Living for Heaven by Living like Jesus

June 19, 2019


Almost every adult on earth is living – striving – for something. They may call it their life’s goal or their ultimate purpose, but, regardless of terminology, it is that toward which they toil and upon which they focus their greatest physical, mental, emotional, and even spiritual energy. For some, it is their family. For others, it is their job. For still others, it is their quest for power, prestige, or possessions.


For Christians, there should be only one major objective, and it is eternal.




During a religion class I was teaching several years ago, I asked those gathered (all of whom were Christian parents) to identify their greatest desire for their children. One parent stated, “The right spouse.” Another responded, “The right school.” Another replied, “The right job.” I told them that each of their answers was a good one, but I also told them that there was one goal that should be at the top of every parent’s list for their children.




There is an old saying that man plans and God laughs. This does not mean that God is making fun of us, nor does it mean that God never wants us to make any plans at all. Instead, it means that, as humans, we ultimately have little control over how the future unfolds. Sometimes our plans fail because of the choices we make, but sometimes they fail through no fault of our own.


But Heaven is different – and God has a way that will not fail.


When we plan – live – for Heaven, when we focus our energy and our efforts on eternal union with the One True God, God works with us and alongside us. Because His will and His way are perfect, and because He does not want anyone to perish (2 Peter 3:9), God will never cease or diminish His efforts on our behalf.


It’s called grace, and God’s grace is unconditional.


If we want to live for Heaven, if we want the goal of this life to be eternal life in the world to come, then what should we do – and what should we help our loved ones do?


We need to live like Jesus:


God is love. Whoever lives in love lives in God, and God in them. This is how love is made complete among us so that we will have confidence on the day of judgment: In this world we are like Jesus. (1 John 4:16b–17, NIV)


And how do we live like Jesus?
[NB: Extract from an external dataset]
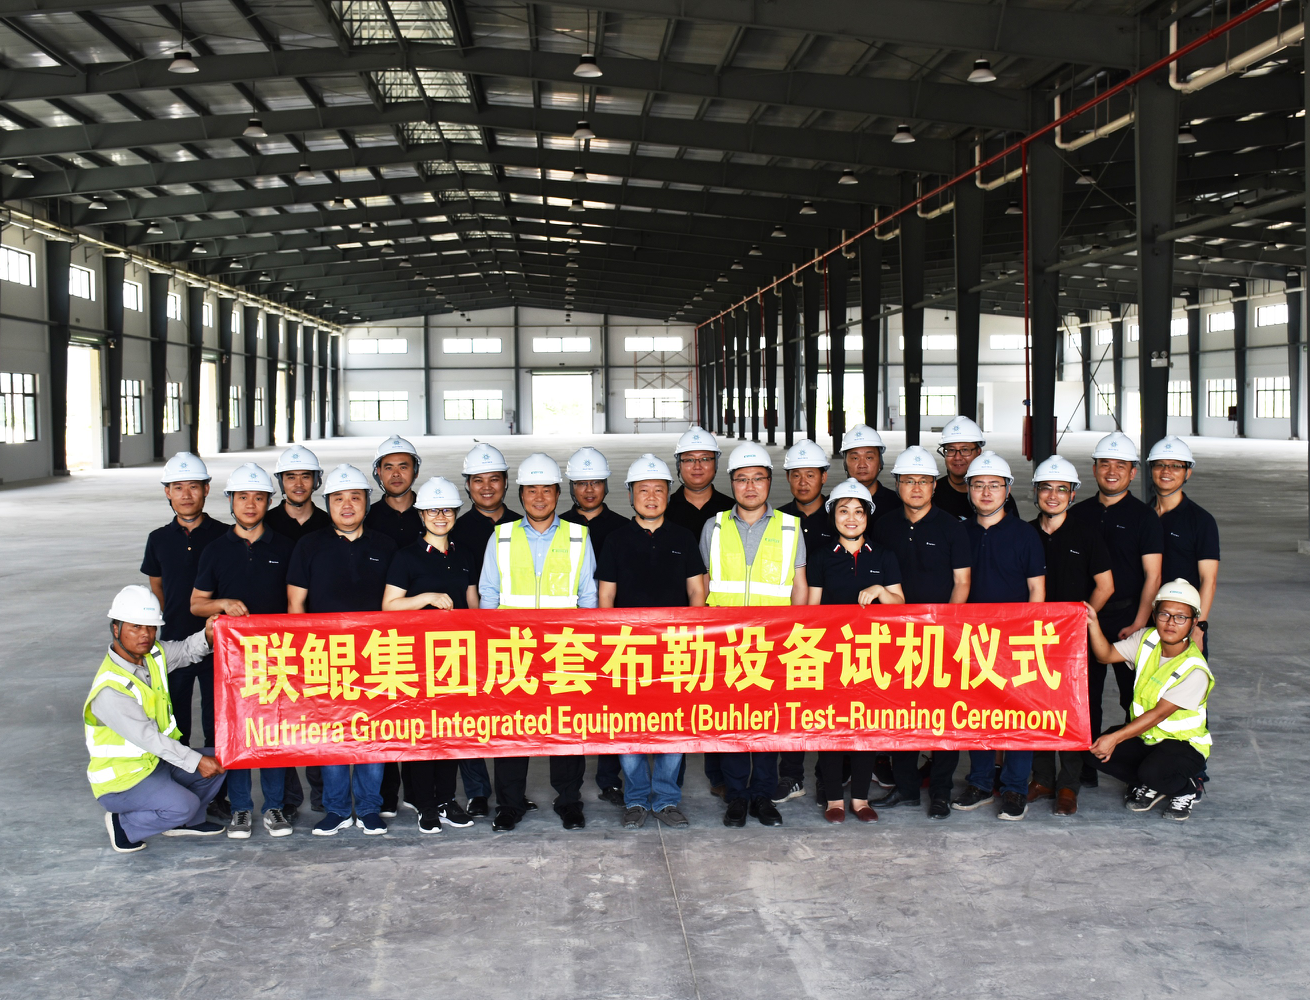 ​Integrated premix equipment (Buhler) test-running ceremony in Zhuhai Nutriera Industry Park was held successfully

The Word of God gives us three wonderful ways to begin.


First, living like Jesus means loving like Jesus. Love – real love, true love, other-centered love – was not only a favorite topic of Jesus during His ministry on earth (see, for example, Luke 10:25–37), but it was also His command to us (John 13:34). If we want to live for Heaven, and if we understand that living for Heaven means living like Jesus, then we must love God and also love others (Mark 12:28–31), beginning with the least, the last, and the lost among us (Matthew 25:31–46) as well as our enemies (Matthew 5:43–48).


Second, living like Jesus means forgiving like Jesus. Jesus also spoke often about the importance of forgiveness (see, for example, Matthew 6:12, 14–15), but He also modeled it for us when, from the cross, He forgave those who crucified Him (Luke 23:33–34). Living like Jesus means forgiving like Jesus – and not just seven times “but seventy-seven times” (Matthew 18:21–22, NIV), a number signifying forgiveness without limit.


Third, living like Jesus means dying like Jesus. No, I don’t mean that God wants us to die physically for Him (although thousands of Christians freely do so every year in this fallen world). Rather, God wants us to die to self by placing the needs of His Kingdom above our own earthly wants and desires. Dietrich Bonhoeffer, a German pastor and theologian, summarized this point, and Christian discipleship in general, when he wrote, “When Christ calls a man, he bids him come and die.” Die to the things of this world. Die to Satan’s empty promises. Die to everything that separates us from the Lord.


So go ahead, my dear friend, go ahead and live for Heaven by living like Jesus. Your journey will be filled with joy and peace, and your final destination will be more than you can imagine.